During the cool season, annual weeds (like snapweed and chickweed) are active in milder coastal climates like the Metro Vancouver region. Cover the soil around plants with mulch to supress them.
Nutrition & Fertilizers 101
Never use fertilizers in the fall, as they can stimulate soft growth that will burn in the cold, as well as contaminate ground water. Note that like synthetic fertilizers, high salt content of animal manures can leach over the winter with the rain (and also burn tender growth if applied fresh in the spring. Lime is recommended in the fall for lawns and plants that prefer less acidic soil. Check online to find out about your plants soil pH preference.
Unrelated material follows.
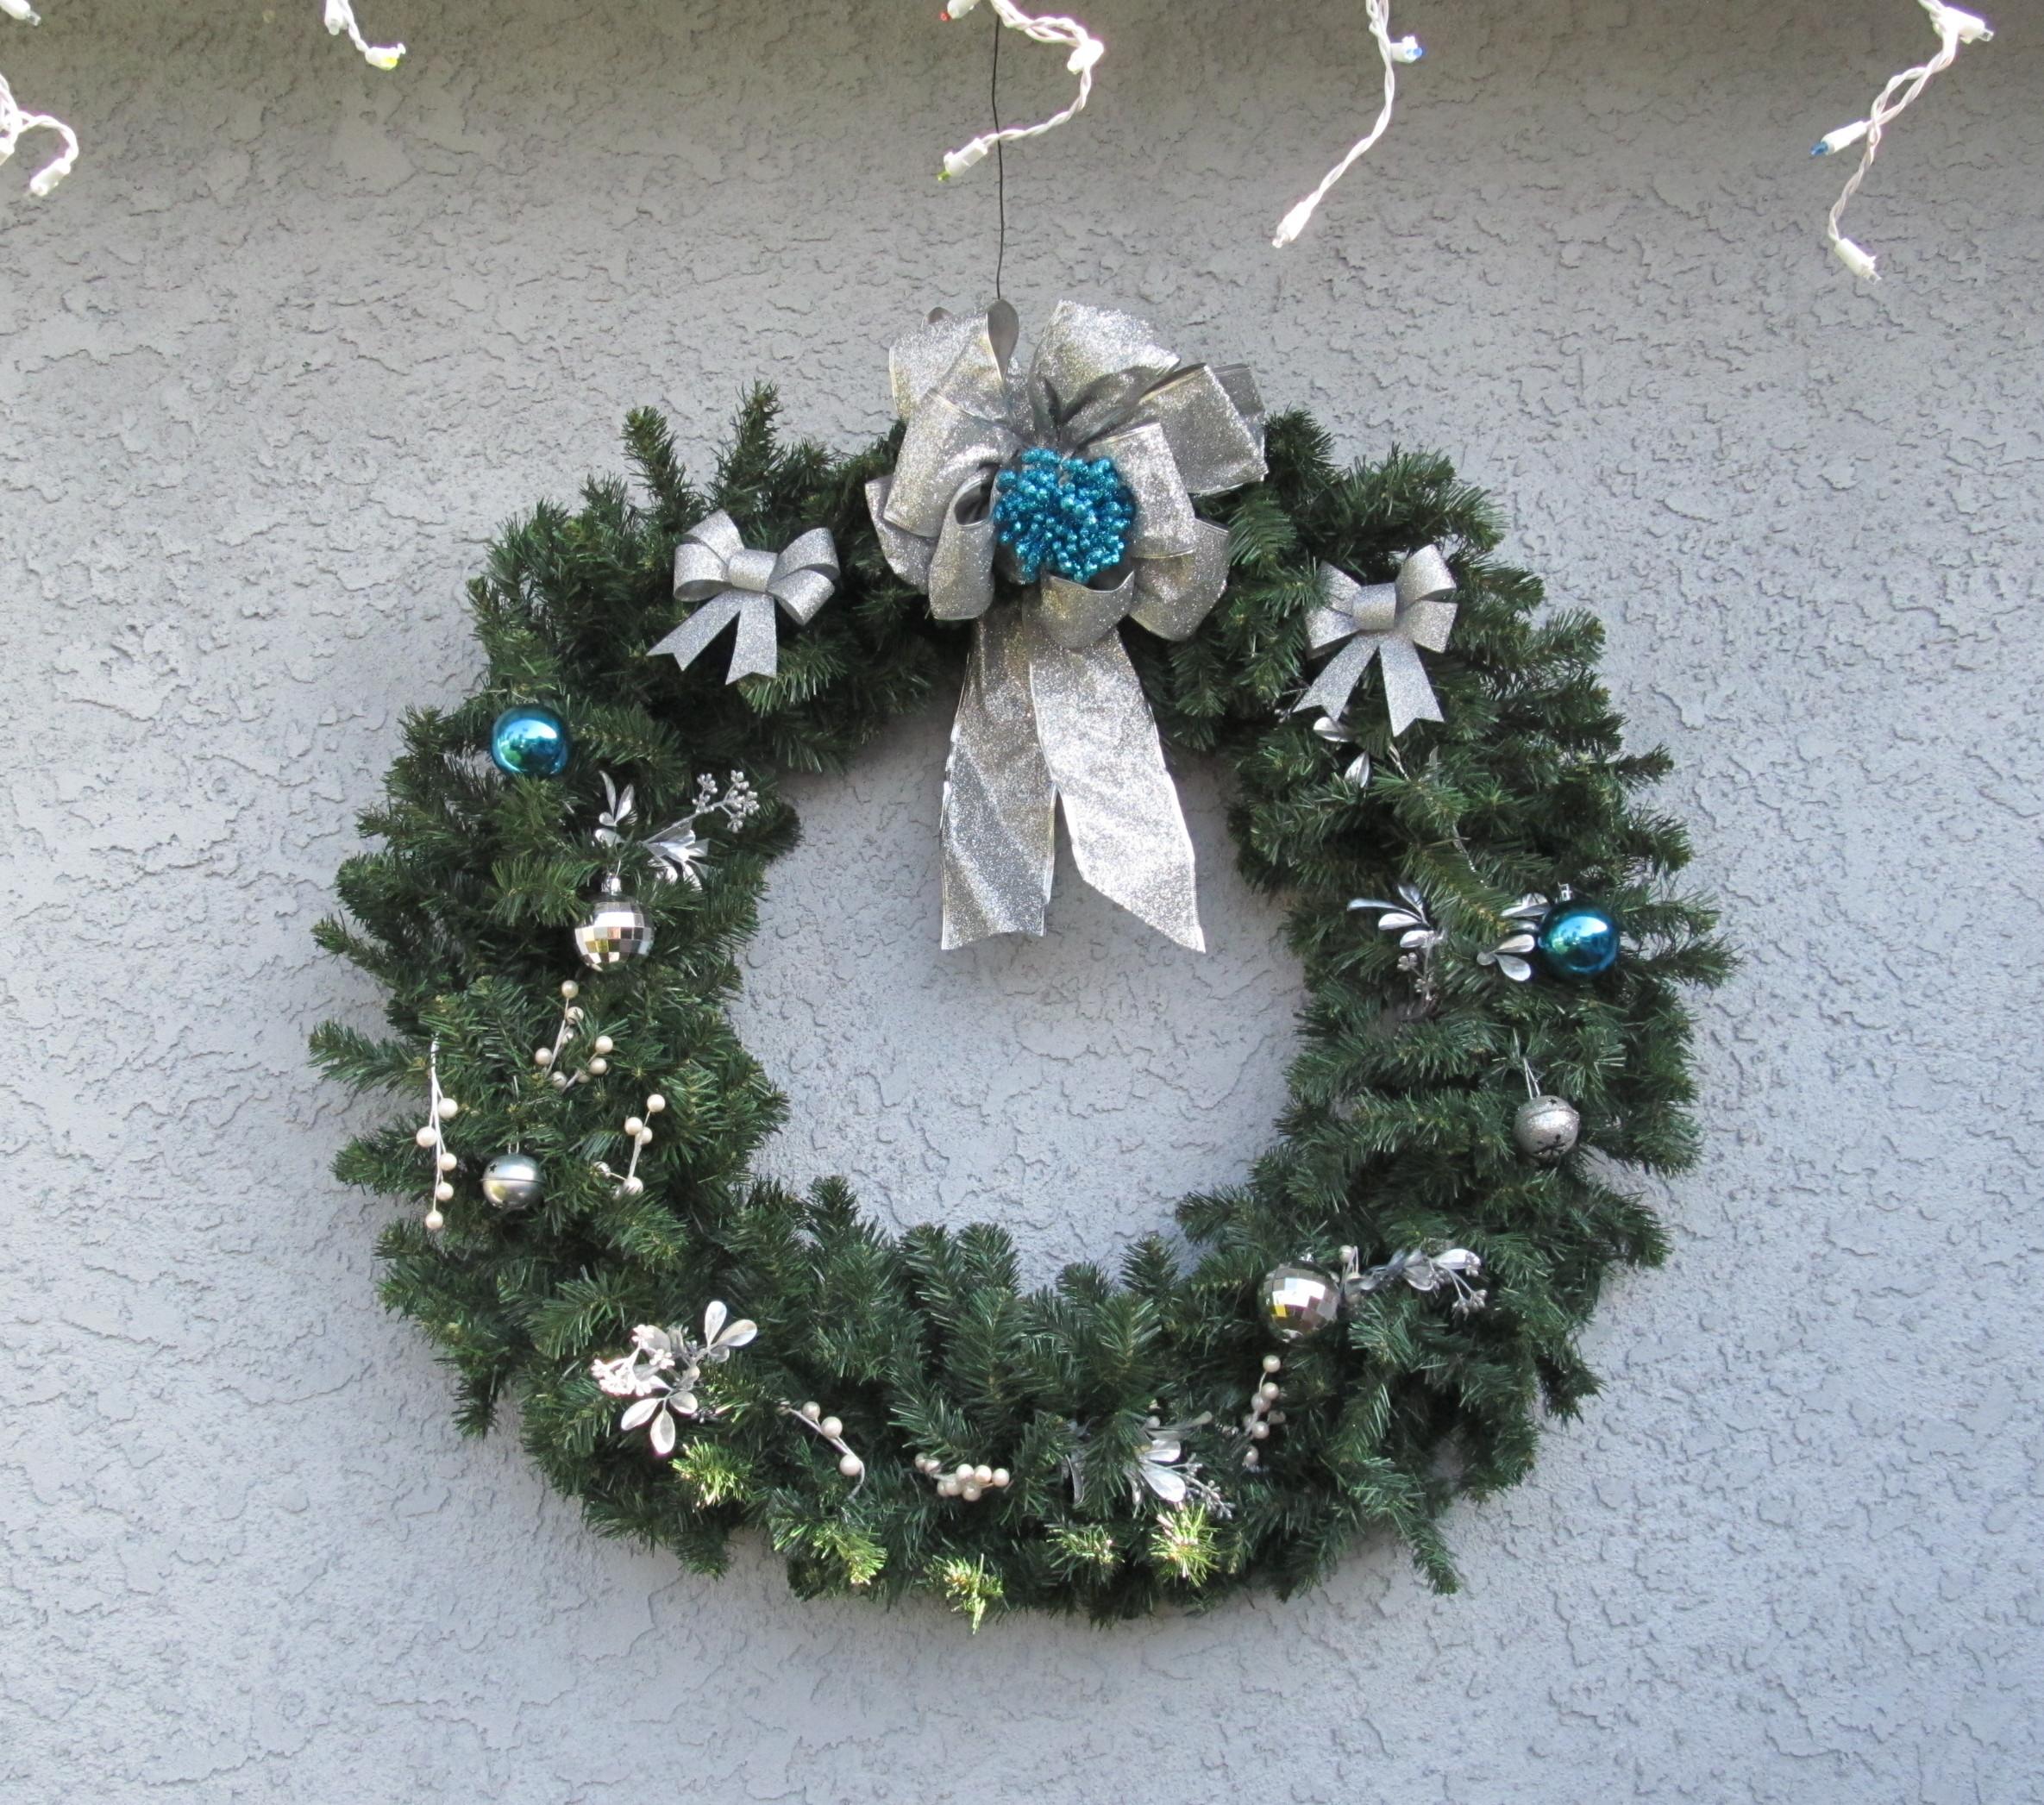 Outdoor Holiday Decorating Idea

TIP: Dolomite lime requires a lot of water to dissolve and affect soil pH—rain from the fall to spring should be enough, but make sure to scratch the lime well into the soil.
A Great Season for Planting: Fall
Fall is a great time to plant (and transplant) trees, shrubs, bulbs, cover crops and herbaceous perennials. The soil is warm in September and October, and the rain in fall and winter settles out soil and air pockets created by planting. Plants get established before the next year, lessening a new planting’s dependence on spring and summer irrigation. Exceptions include plants that may not establish and harden off in time for the winter cold; these are likely to become stressed and die.
Every Crop at its Time
Vegetable gardens are a staple of home and community gardens. Who doesn’t cherish picking up newly grown, fresh tomatoes and strawberries?
Here are some tips to make the most of your patch of fruits & veggies:
- Sow winter cover crops (such as winter rye) in the fall. Turn the crop into the soil in soil in spring
- Mulch beds with composts or manures: they protect soil, suppress cool season weed growth, and contribute to carbon and nutrient cycling.
- Leave crop residue from last year and allow material to decompose on site. This aids nutrient cycling, and improve soil structure.
- When it comes to direct-sow planting, arugula, corn salad (mâche), scallions, radish, and lettuce and soy beans (under a crop cover) are great in September, and broad beans and radish (if warm, otherwise under a crop cover) in October. Garlic should be planted anytime between late September to early November.
Keep an Eye on Containers
Don’t forget to check containers for water through the fall and winter—many plants in containers die from lack of water in winter if they are kept under overhanging balconies, decks, and other coverings. Also, be prepared to move or protect plants if the temperature gets very cold, and huddle plants together in small containers for insulation.
TIP: Be sure that containers are not sitting in water: allow for drainage (3mm is enough) using 25mm tiles as spacers.
Grow Your Own Winter Wonderland
Garden stores across Metro Vancouver, including the Shop & Garden Centre at UBC Botanical Garden, usually have plants for winter interest from mid-fall onwards. Have fun with them as you create your own winter garden—what about a winter-themed container or hanging basket?